6. En second lieu, aux termes de l’article 3 de la convention européenne de sauvegarde des droits de l’homme et des libertés fondamentales : « Nul ne peut être soumis à la torture ni à des peines ou traitements inhumains ou dégradants ».
7. M. A… soutient qu’il serait, en cas de retour en Mauritanie, exposé à des persécutions en raison de son appartenance à l’ethnie peule, de son engagement syndical lorsqu’il était étudiant à l’université de Nouakchott et de son engagement politique au sein du mouvement de l’Initiative pour la résurgence du mouvement abolitionniste. Toutefois, l’intéressé, dont les demandes d’asile et de réexamen de cette demande d’asile ont été rejetées par l’OFPRA puis la CNDA, comme indiqué au point 1, ne produit aucune pièce à l’appui de ses allégations ni même aucune précision sur la nature de ses engagements et des risques auxquels il estime être exposé. Ainsi, il n’établit pas que l’arrêté attaqué en ce qu’il fixe le pays de destination de la mesure d’éloignement, serait contraire aux stipulations de l’article 3 de la convention européenne de sauvegarde des droits de l’homme et des libertés fondamentales. Ce moyen doit être écarté.
8. Il résulte de tout ce qui précède que les conclusions aux fins d’annulation de l’arrêté du 3 avril 2025 présentées par M. A… doivent être rejetées. Par voie de conséquence, il y a lieu de rejeter les conclusions aux fins d’injonction.
D E C I D E :
Article 1er: M. A… est admis, à titre provisoire, au bénéfice de l’aide juridictionnelle.
Article 2 : La requête de M. A… est rejetée.
Article 3 : Le présent jugement sera notifié à M. B… A… et au préfet du Val-d’Oise.

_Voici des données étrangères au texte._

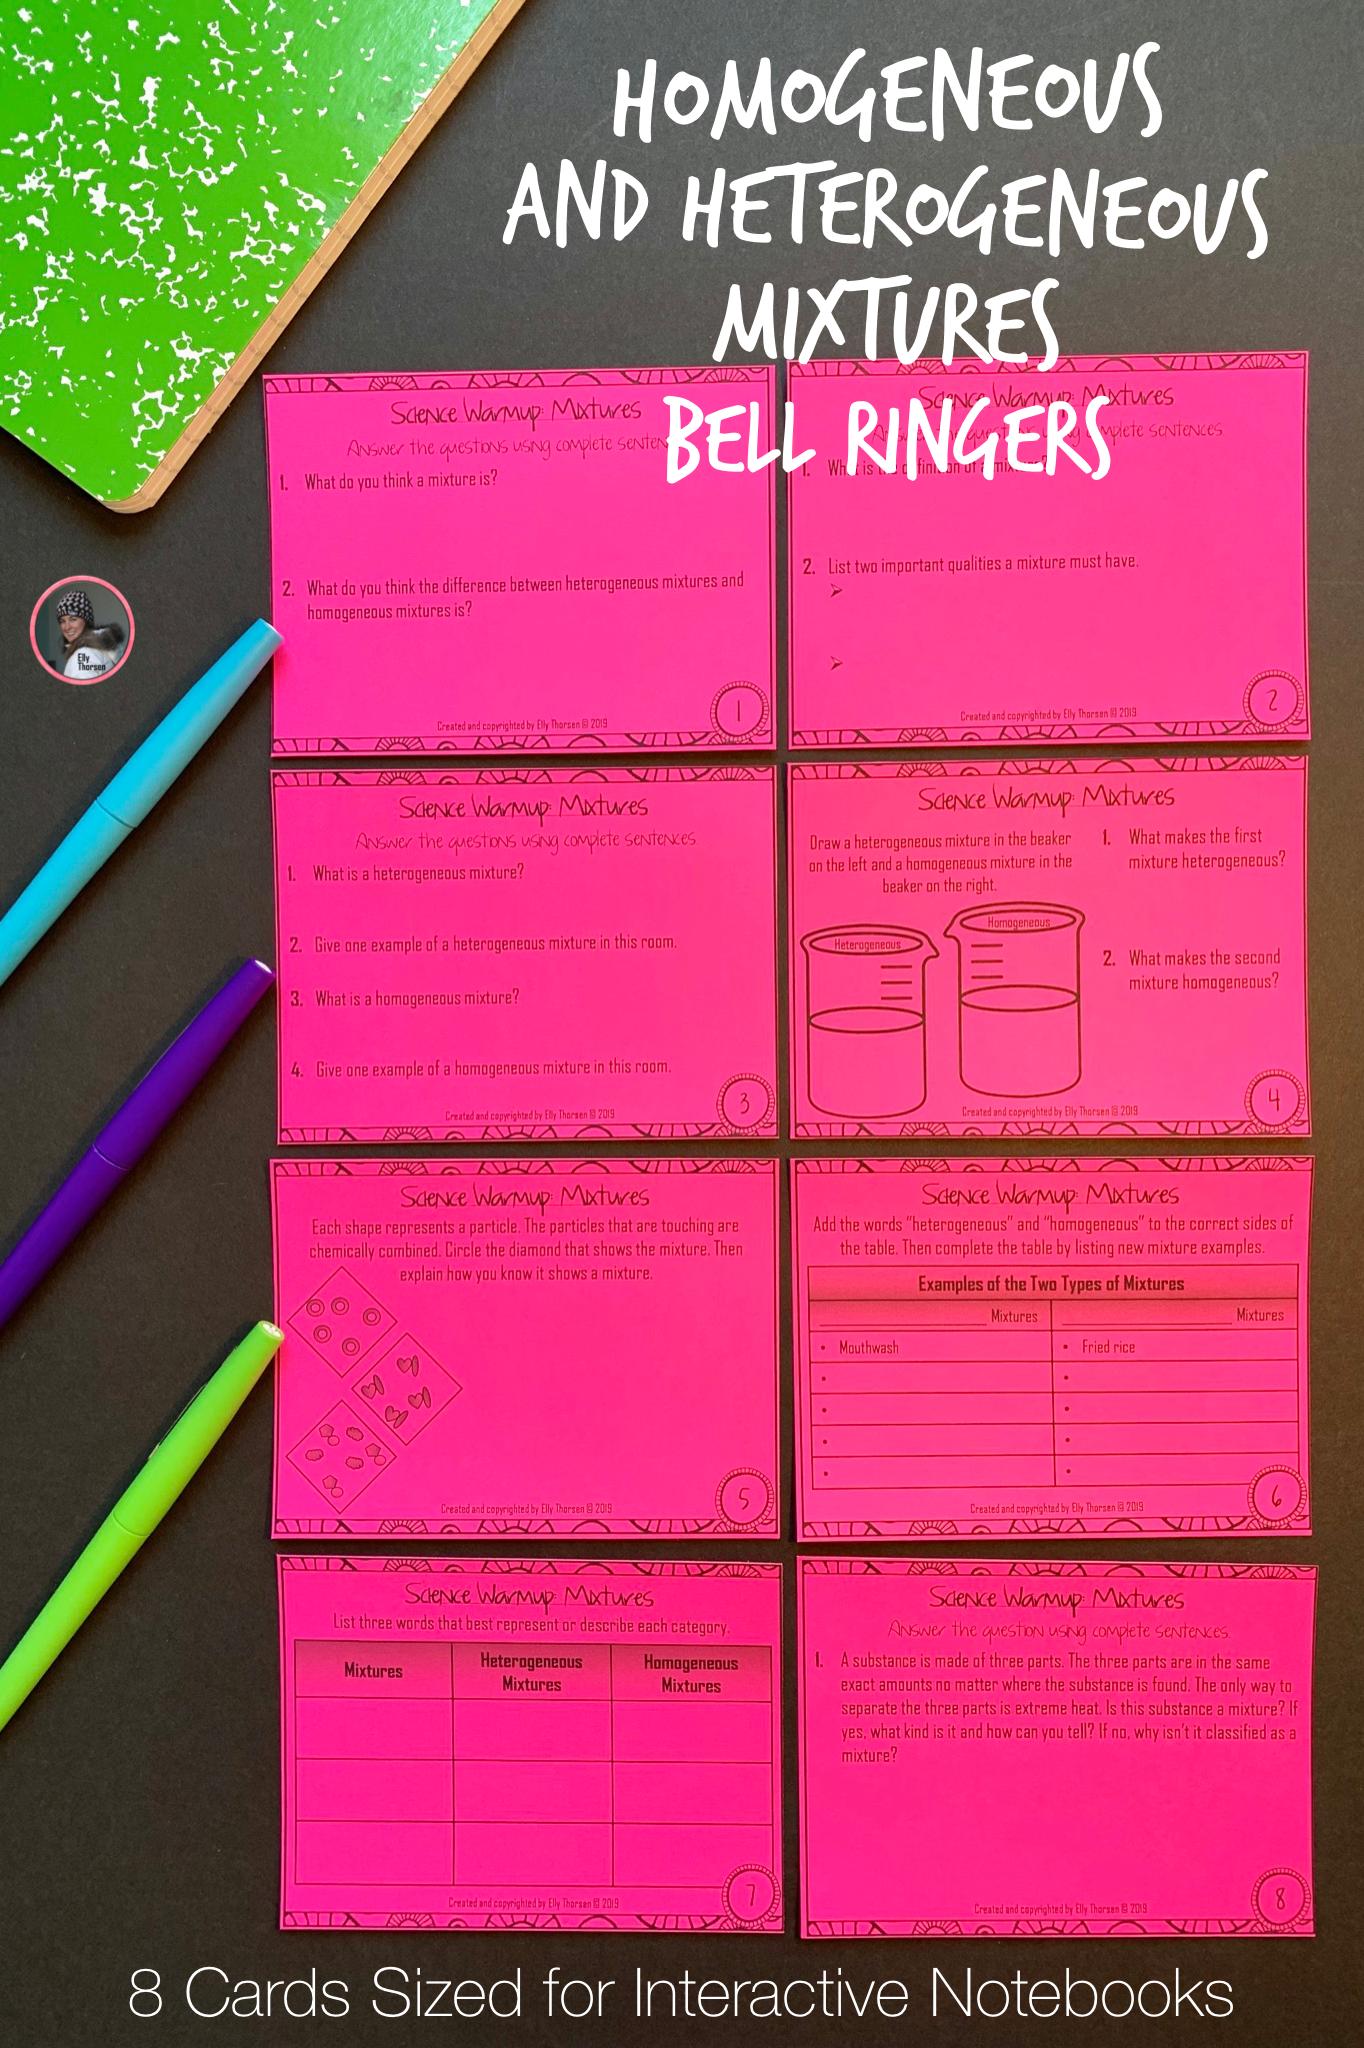 Heterogeneous And Homogeneous Mixtures Bell Ringers Or

Délibéré après l’audience du 12 mars 2026, à laquelle siégeaient :
M. Ouillon, président,
M. Probert, premier conseiller,
Mme Gaudemet, première conseillère.
Rendu public par mise à disposition au greffe le 2 avril 2026
Le président-rapporteur,
signé
S. Ouillon
L’assesseur le plus ancien,
signé
L. Probert
La greffière,
signé
S. Nimax
La République mande et ordonne au préfet du Val-d’Oise en ce qui le concerne ou à tous commissaire de justice à ce requis en ce qui concerne les voies de droit commun contre les parties privées, de pourvoir à l’exécution de la présente décision.